# [TASK TO COMPLETE]
Using the listing below, copy exactly each line from the one that has "FLUX Digital – unser neues Online-Magazin" through the one that has "Newport aquarium shares"; omit the pictures.

# [THE INPUT]
○ ○ ○ ○ ○ ○ ○

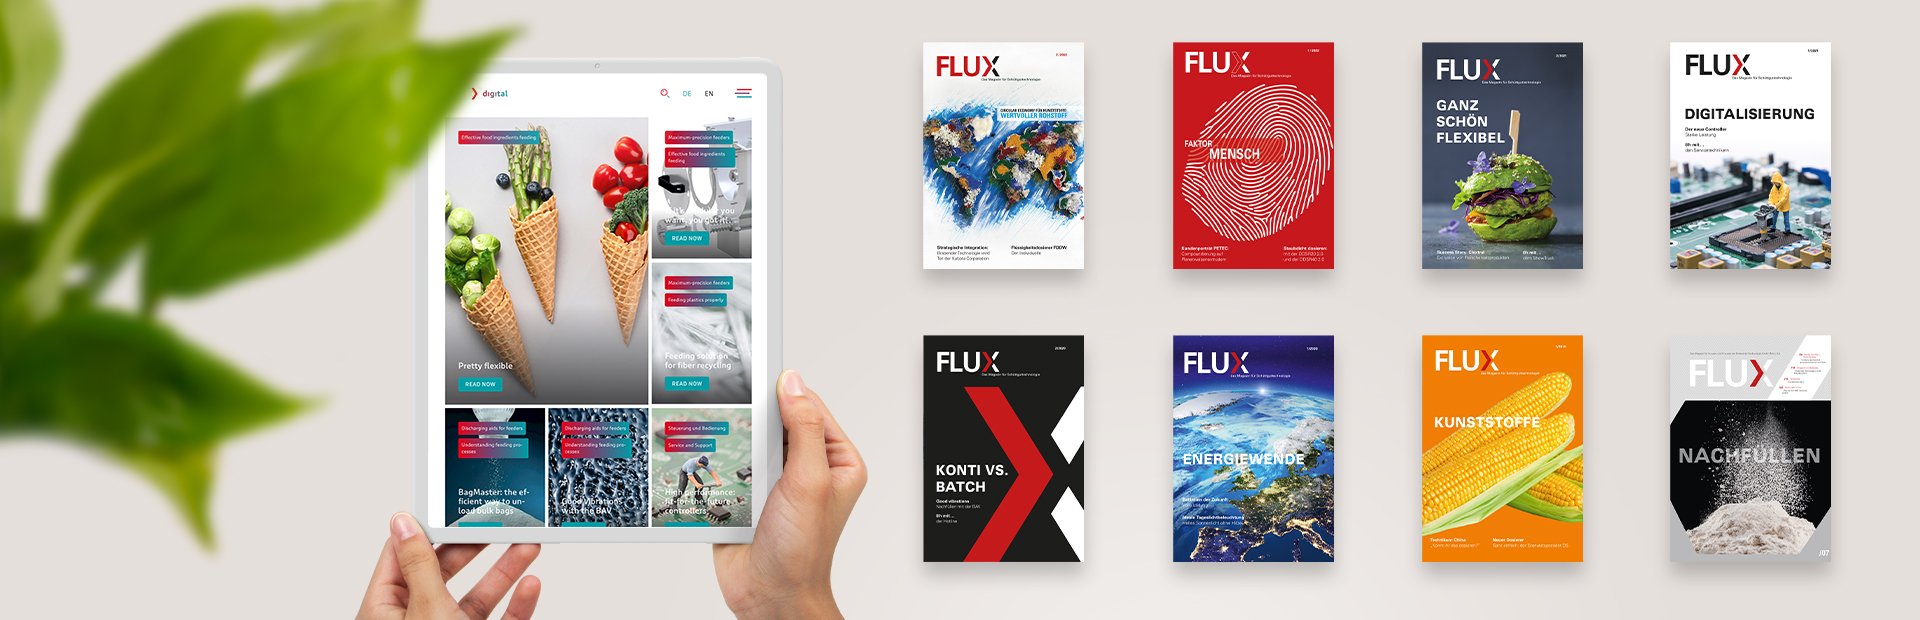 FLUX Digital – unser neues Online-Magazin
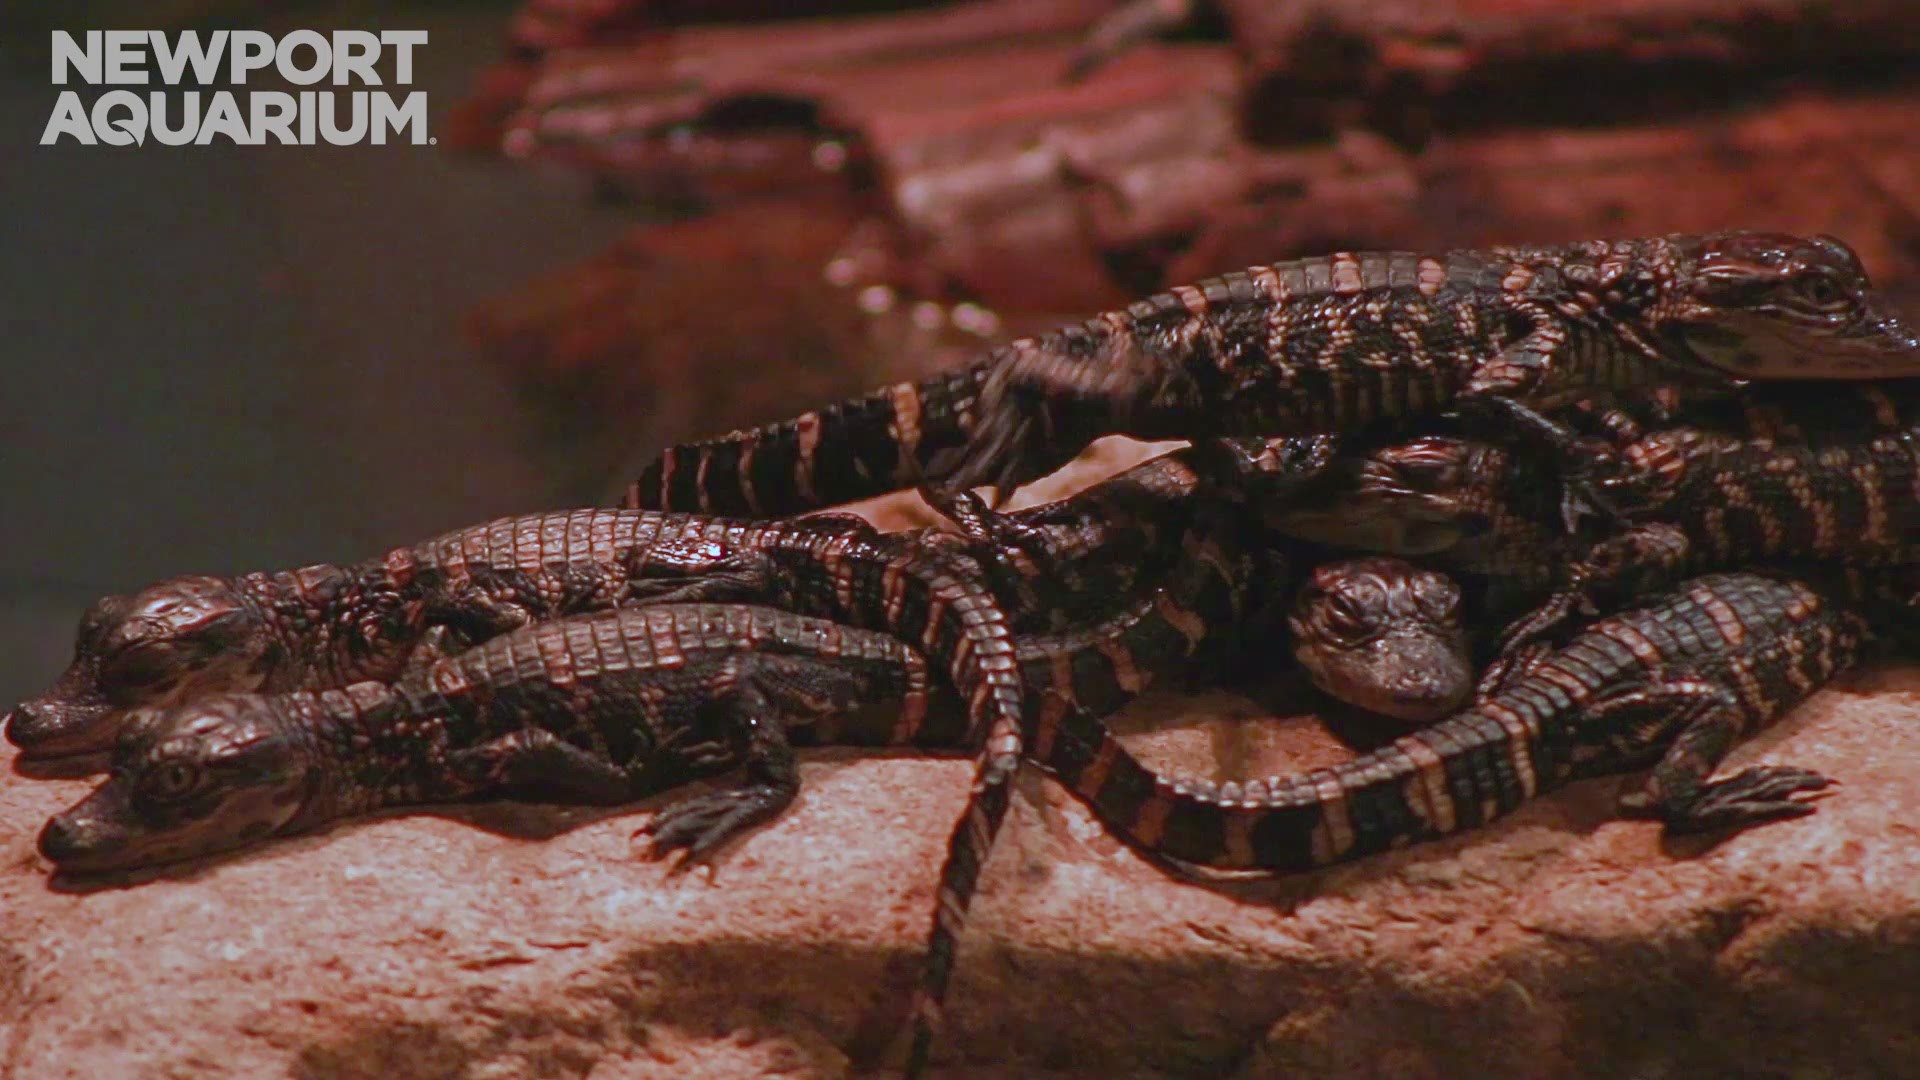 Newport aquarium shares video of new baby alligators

○ ○ ○ ○ ○ ○ ○

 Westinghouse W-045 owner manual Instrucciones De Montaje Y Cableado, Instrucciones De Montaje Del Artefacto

○ ○ ○ ○ ○ ○ ○

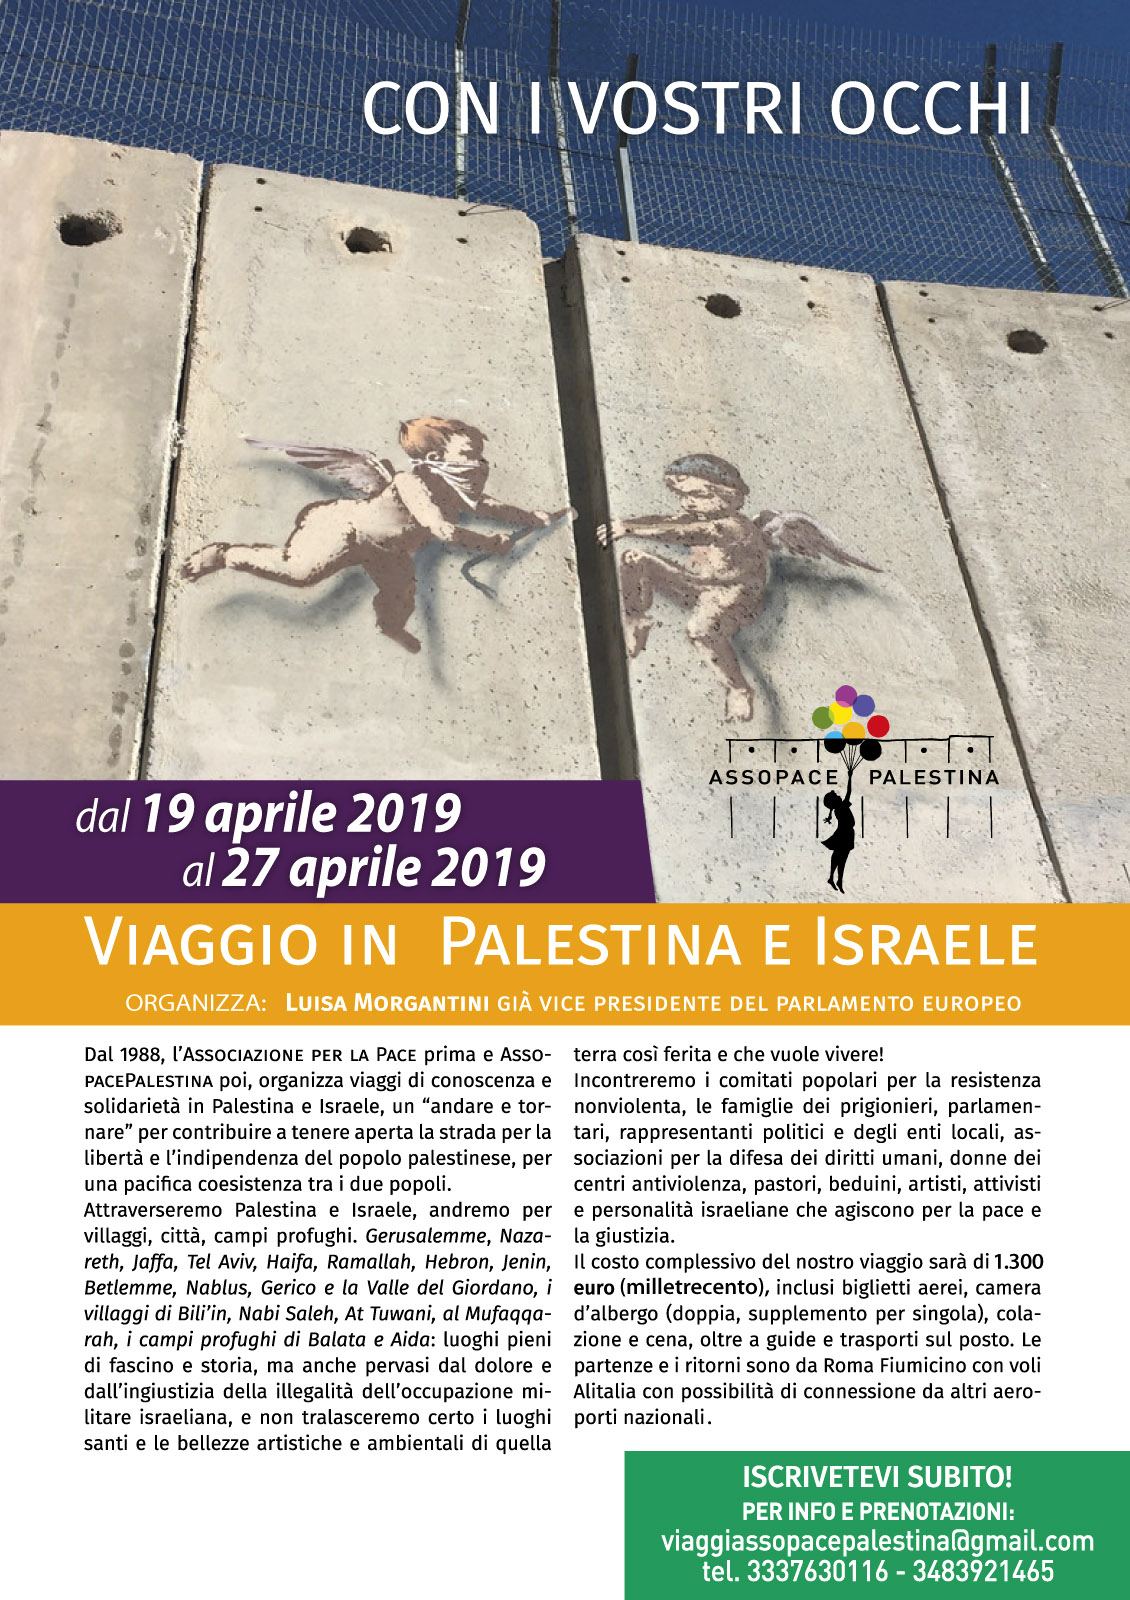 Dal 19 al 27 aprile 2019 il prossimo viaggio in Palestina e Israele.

○ ○ ○ ○ ○ ○ ○

# [OUTPUT]
 FLUX Digital – unser neues Online-Magazin
 Newport aquarium shares video of new baby alligators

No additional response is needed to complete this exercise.